───── Exercise materials ─────

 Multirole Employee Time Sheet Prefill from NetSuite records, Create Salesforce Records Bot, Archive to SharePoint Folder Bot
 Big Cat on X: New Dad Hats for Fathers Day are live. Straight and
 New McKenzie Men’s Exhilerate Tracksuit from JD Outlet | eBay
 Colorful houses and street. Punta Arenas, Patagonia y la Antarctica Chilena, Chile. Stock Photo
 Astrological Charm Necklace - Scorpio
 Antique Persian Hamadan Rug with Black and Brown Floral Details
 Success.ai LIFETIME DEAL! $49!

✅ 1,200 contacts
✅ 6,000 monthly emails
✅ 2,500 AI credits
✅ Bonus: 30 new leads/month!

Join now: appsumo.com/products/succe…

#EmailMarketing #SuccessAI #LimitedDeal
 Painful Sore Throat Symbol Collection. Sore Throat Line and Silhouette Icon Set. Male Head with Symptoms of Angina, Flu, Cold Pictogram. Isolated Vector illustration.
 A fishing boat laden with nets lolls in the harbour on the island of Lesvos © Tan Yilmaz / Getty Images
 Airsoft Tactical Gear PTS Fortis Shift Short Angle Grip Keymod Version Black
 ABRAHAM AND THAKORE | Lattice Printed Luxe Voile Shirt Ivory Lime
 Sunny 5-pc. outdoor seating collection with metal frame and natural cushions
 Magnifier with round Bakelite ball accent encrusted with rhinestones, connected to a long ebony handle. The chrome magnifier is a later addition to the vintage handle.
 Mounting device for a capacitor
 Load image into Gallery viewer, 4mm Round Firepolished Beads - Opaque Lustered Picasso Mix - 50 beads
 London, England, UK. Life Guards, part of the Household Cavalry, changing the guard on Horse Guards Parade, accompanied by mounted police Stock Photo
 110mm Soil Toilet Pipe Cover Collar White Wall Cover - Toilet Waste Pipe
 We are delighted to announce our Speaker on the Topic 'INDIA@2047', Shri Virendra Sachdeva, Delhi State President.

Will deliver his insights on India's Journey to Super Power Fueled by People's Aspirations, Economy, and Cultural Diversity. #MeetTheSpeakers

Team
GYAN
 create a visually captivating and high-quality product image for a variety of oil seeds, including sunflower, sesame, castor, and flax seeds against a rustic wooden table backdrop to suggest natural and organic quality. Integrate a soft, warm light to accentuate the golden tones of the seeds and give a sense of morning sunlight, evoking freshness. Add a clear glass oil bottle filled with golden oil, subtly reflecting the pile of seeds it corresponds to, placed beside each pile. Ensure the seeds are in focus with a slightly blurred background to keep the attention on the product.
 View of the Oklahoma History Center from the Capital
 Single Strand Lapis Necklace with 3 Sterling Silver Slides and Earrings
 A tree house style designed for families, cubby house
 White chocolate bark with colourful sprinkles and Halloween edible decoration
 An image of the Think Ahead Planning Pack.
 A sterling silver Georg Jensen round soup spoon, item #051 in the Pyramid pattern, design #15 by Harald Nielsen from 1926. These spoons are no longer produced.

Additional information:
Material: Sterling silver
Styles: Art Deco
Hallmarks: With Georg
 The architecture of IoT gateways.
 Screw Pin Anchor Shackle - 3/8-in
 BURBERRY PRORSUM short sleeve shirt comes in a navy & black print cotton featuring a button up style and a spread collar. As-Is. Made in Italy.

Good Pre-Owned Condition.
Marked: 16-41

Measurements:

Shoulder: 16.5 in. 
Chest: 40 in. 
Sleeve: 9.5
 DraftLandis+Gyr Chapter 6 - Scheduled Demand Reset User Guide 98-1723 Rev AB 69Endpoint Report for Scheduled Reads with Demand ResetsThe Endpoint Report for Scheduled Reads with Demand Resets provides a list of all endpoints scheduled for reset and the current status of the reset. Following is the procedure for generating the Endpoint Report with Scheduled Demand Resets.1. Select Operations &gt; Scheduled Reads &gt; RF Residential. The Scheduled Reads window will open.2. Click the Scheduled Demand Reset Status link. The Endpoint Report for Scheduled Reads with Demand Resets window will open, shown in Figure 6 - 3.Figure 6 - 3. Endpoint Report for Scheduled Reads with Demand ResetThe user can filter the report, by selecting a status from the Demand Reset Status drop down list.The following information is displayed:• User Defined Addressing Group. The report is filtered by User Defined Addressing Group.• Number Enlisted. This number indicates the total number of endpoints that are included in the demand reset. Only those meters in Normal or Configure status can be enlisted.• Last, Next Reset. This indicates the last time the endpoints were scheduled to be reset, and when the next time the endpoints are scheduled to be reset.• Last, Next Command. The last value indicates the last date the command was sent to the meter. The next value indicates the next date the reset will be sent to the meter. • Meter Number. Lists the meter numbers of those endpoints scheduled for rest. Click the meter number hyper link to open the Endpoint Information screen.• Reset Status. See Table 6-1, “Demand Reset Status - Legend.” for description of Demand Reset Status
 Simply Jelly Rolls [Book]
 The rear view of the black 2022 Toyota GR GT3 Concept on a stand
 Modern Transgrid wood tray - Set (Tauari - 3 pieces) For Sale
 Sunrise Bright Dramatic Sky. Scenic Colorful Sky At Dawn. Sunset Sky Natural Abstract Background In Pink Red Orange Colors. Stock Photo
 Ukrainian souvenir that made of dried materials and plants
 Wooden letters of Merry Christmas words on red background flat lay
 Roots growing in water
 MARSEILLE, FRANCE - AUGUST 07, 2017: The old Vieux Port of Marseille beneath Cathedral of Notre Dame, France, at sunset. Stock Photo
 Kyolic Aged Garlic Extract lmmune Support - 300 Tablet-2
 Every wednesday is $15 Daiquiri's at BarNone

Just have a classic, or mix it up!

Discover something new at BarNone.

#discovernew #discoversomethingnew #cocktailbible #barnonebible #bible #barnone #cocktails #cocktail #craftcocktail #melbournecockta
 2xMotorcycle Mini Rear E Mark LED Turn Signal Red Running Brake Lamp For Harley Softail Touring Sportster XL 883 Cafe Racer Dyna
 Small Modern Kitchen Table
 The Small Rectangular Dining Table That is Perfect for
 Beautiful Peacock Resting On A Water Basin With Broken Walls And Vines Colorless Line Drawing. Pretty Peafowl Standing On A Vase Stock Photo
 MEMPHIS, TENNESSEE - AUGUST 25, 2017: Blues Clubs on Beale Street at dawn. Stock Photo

─────

In the records above, return precisely the line containing "The Small Rectangular" and each line that comes after it, up to the final one.

 The Small Rectangular Dining Table That is Perfect for
 Beautiful Peacock Resting On A Water Basin With Broken Walls And Vines Colorless Line Drawing. Pretty Peafowl Standing On A Vase Stock Photo
 MEMPHIS, TENNESSEE - AUGUST 25, 2017: Blues Clubs on Beale Street at dawn. Stock Photo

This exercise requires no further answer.